*** Collected material ***

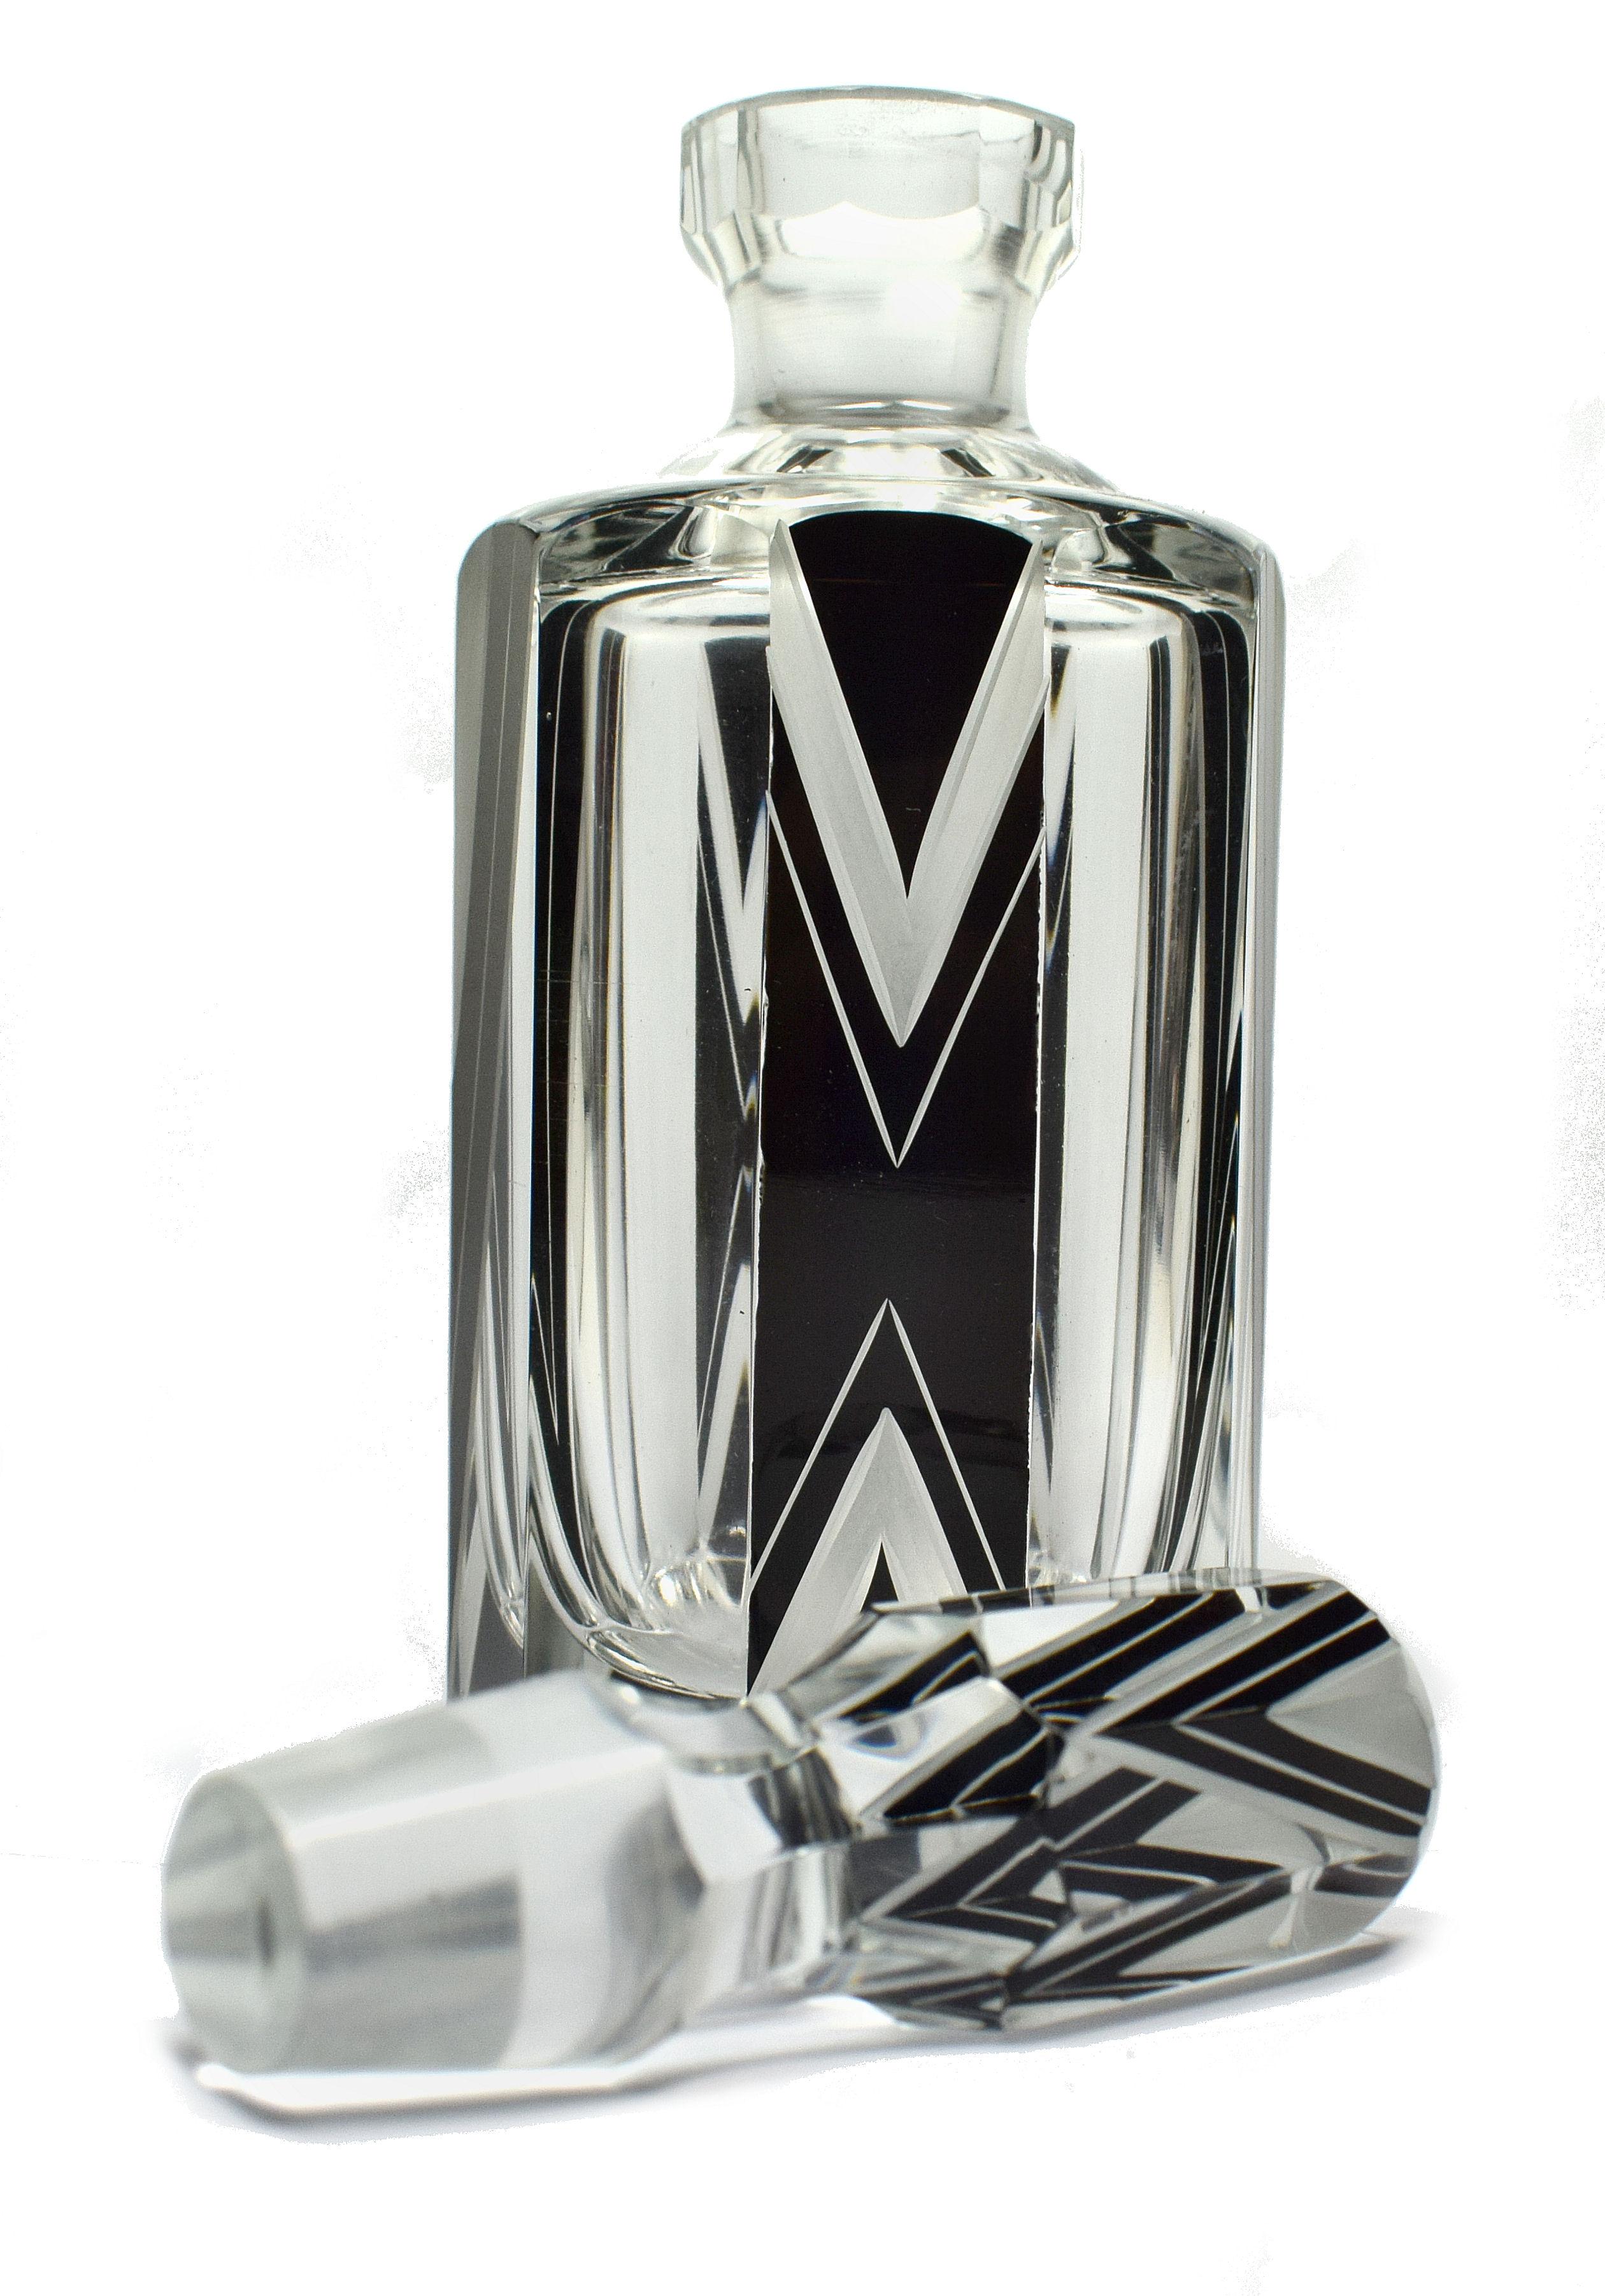 Nous vous proposons ce magnifique flacon de parfum en verre Art Déco des années 1930. Il s'agit d'une beauté absolue et d'une trouvaille rare. L'émail noir et le verre gravé de formes géométriques constituent le décor de l'extérieur de la bouteille
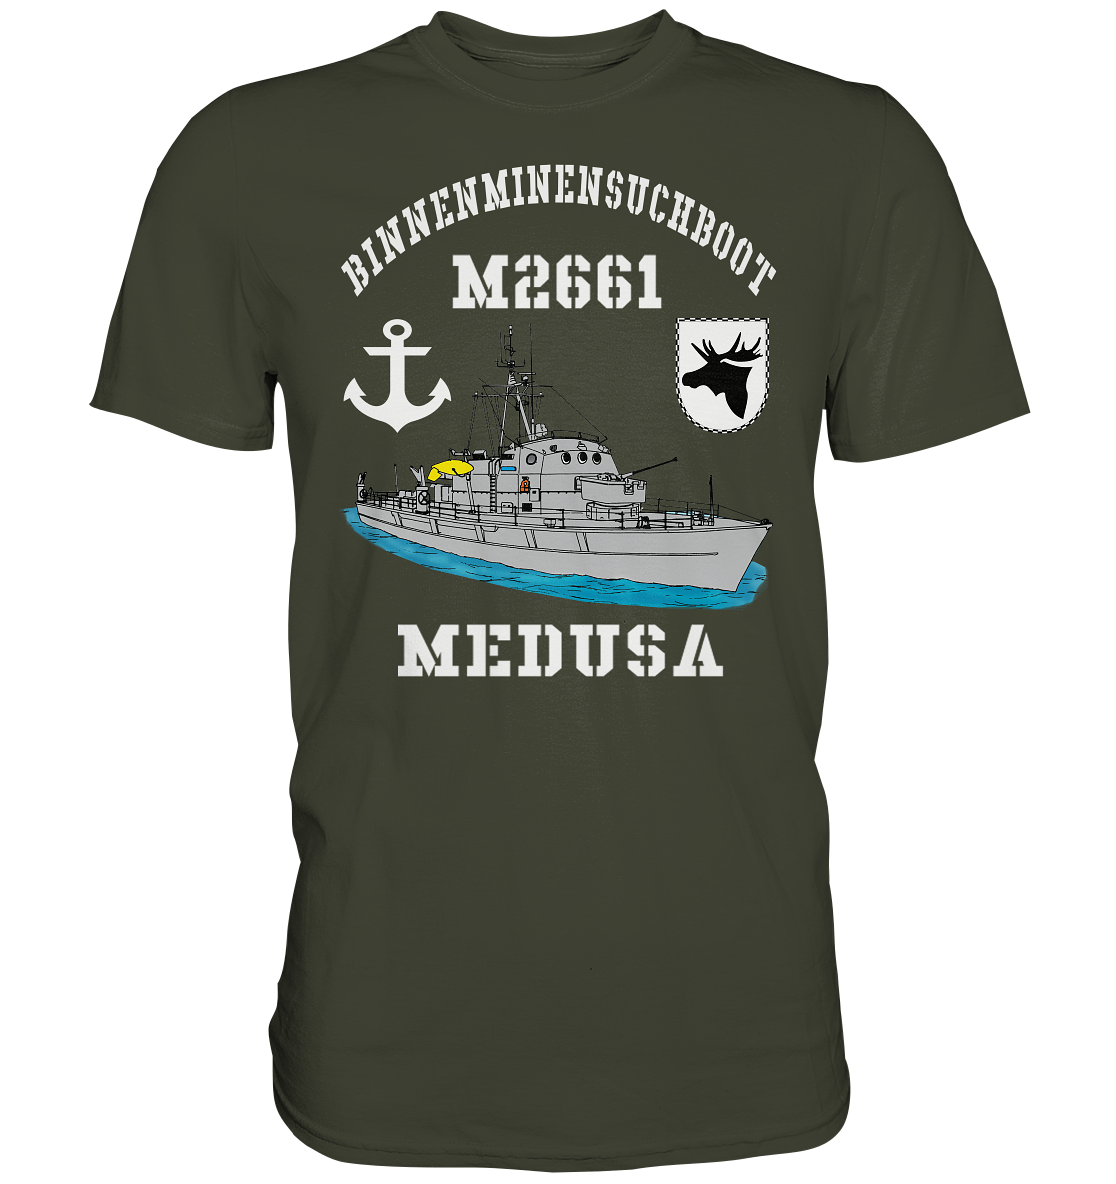 BiMi M2661 MEDUSA 3.MSG Anker - Premium Shirt
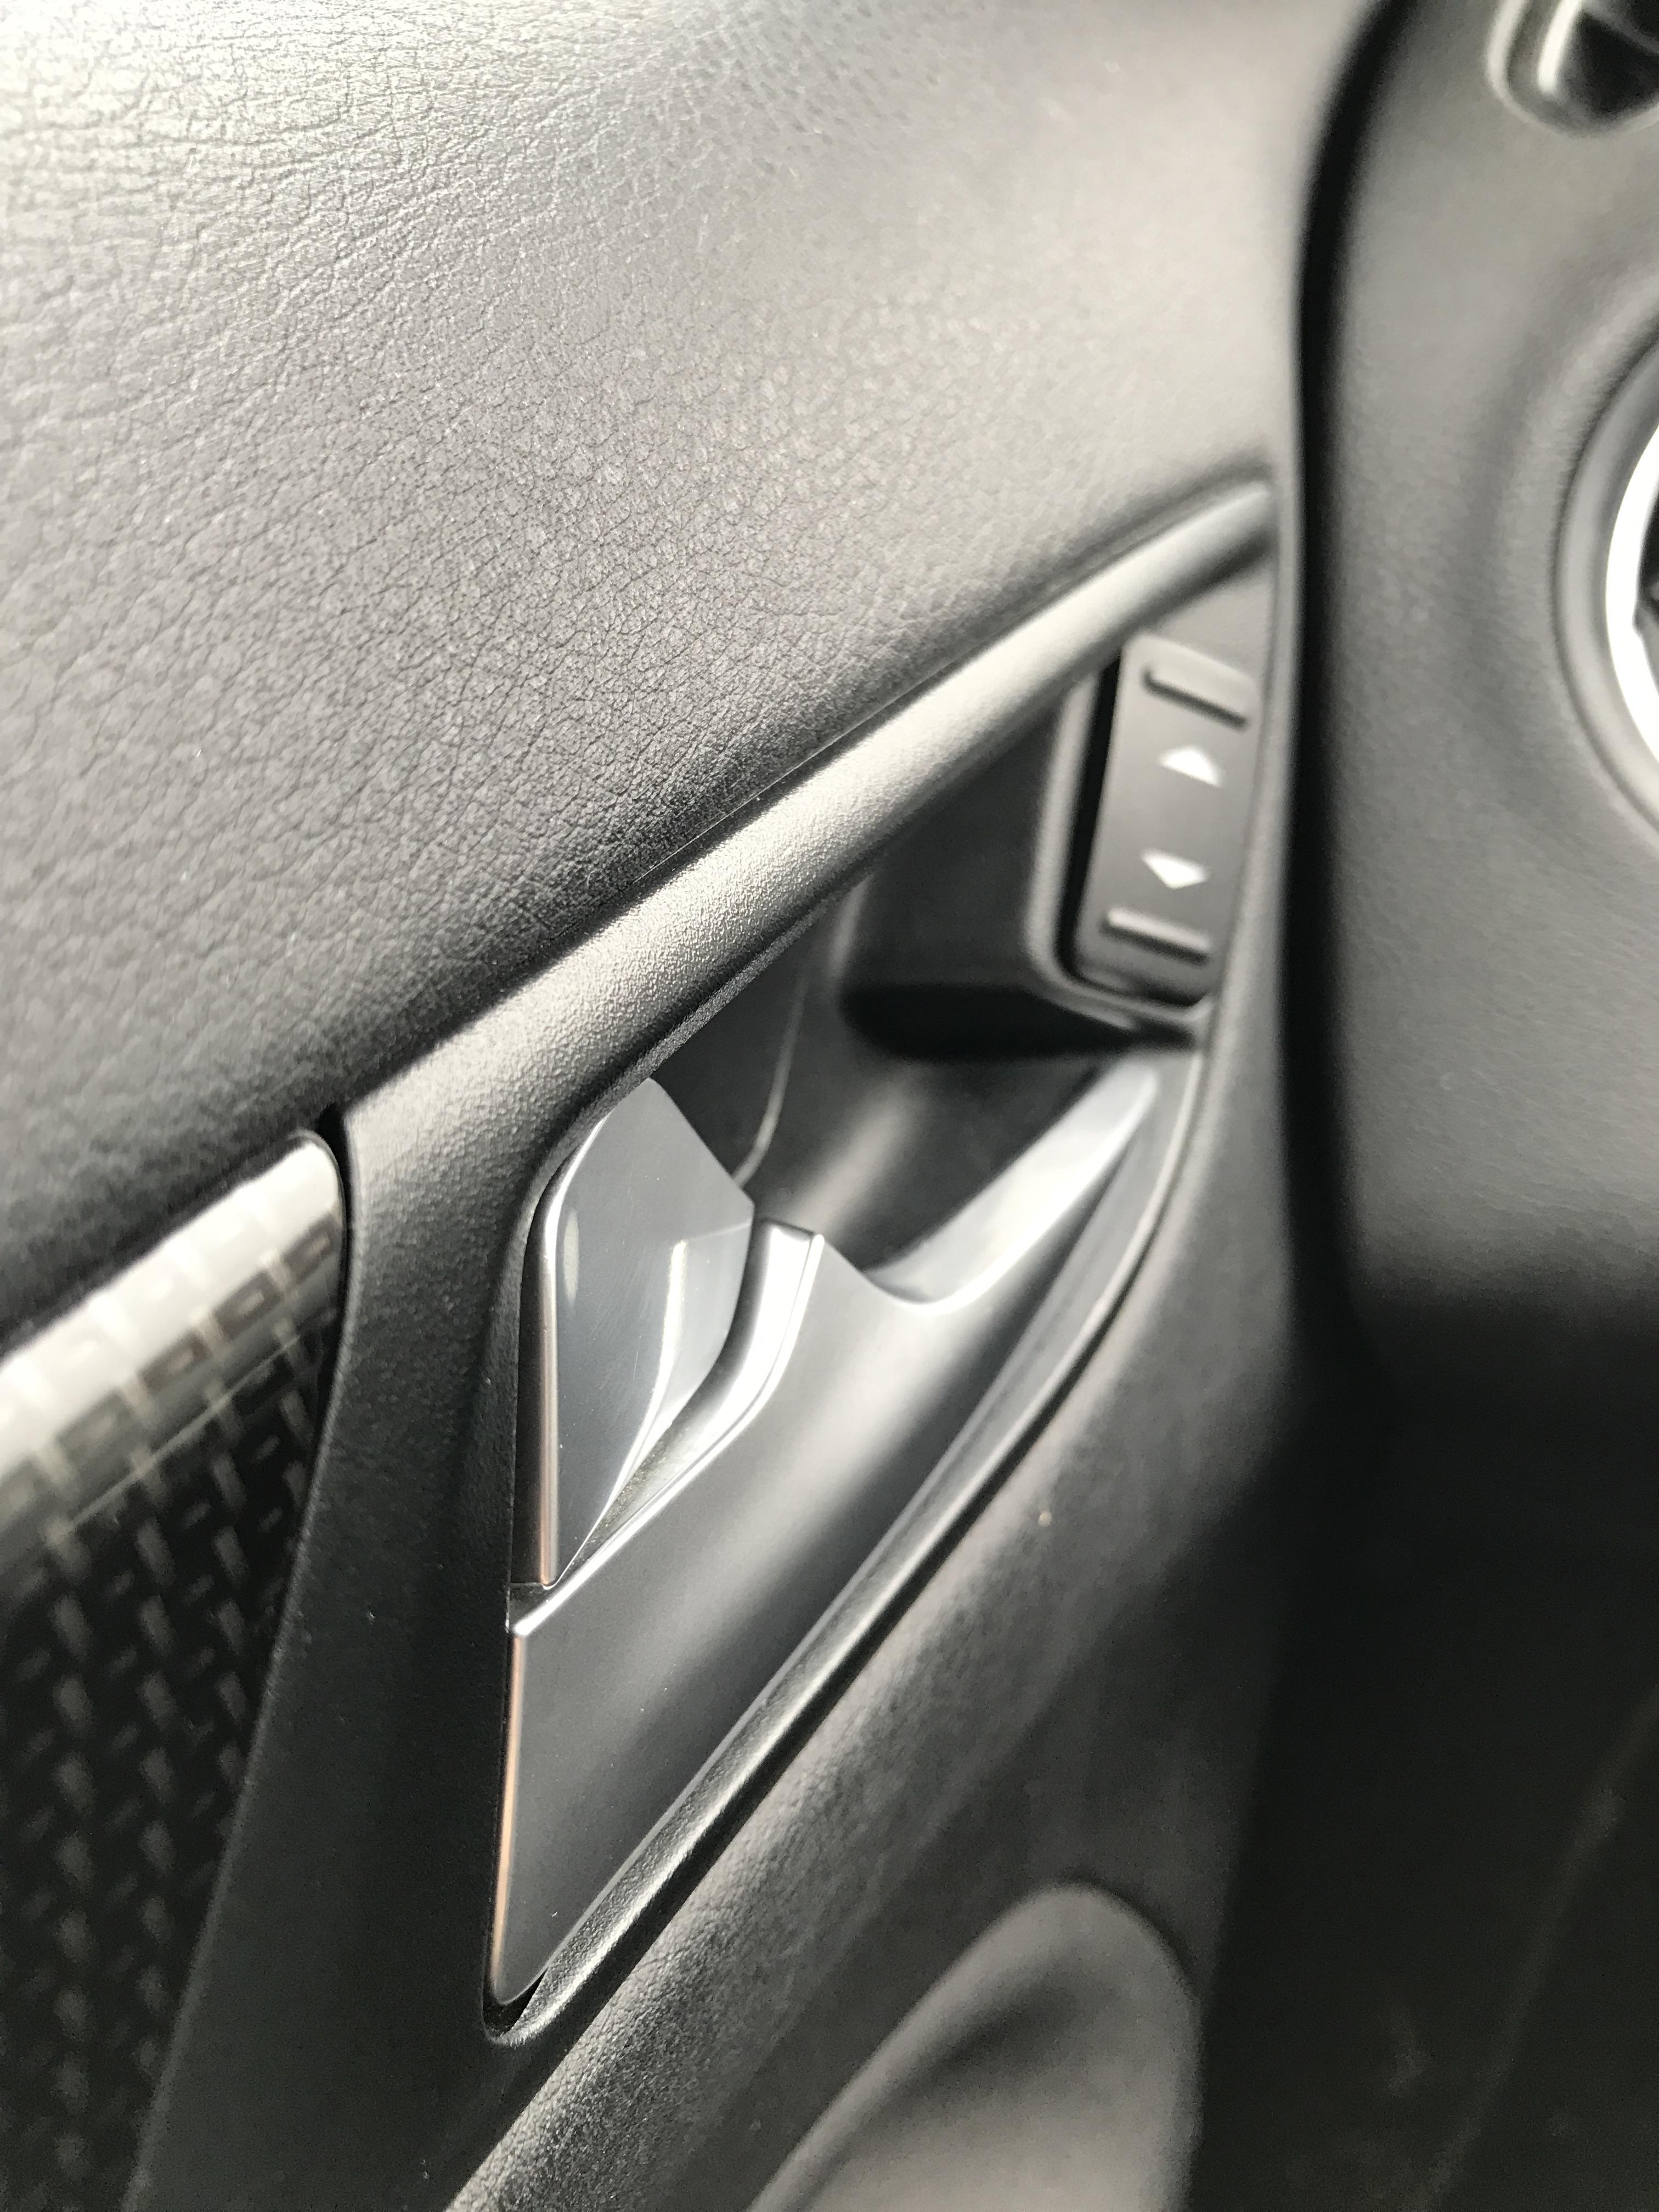 MK4 - Passenger door locking/unlocking problems - Ford Mondeo / Vignale ...

***

#### Problem statement
Reproduce the whole listing exactly, but not the images in it.

#### Exercise response
 Nous vous proposons ce magnifique flacon de parfum en verre Art Déco des années 1930. Il s'agit d'une beauté absolue et d'une trouvaille rare. L'émail noir et le verre gravé de formes géométriques constituent le décor de l'extérieur de la bouteille
 BiMi M2661 MEDUSA 3.MSG Anker - Premium Shirt
 MK4 - Passenger door locking/unlocking problems - Ford Mondeo / Vignale ...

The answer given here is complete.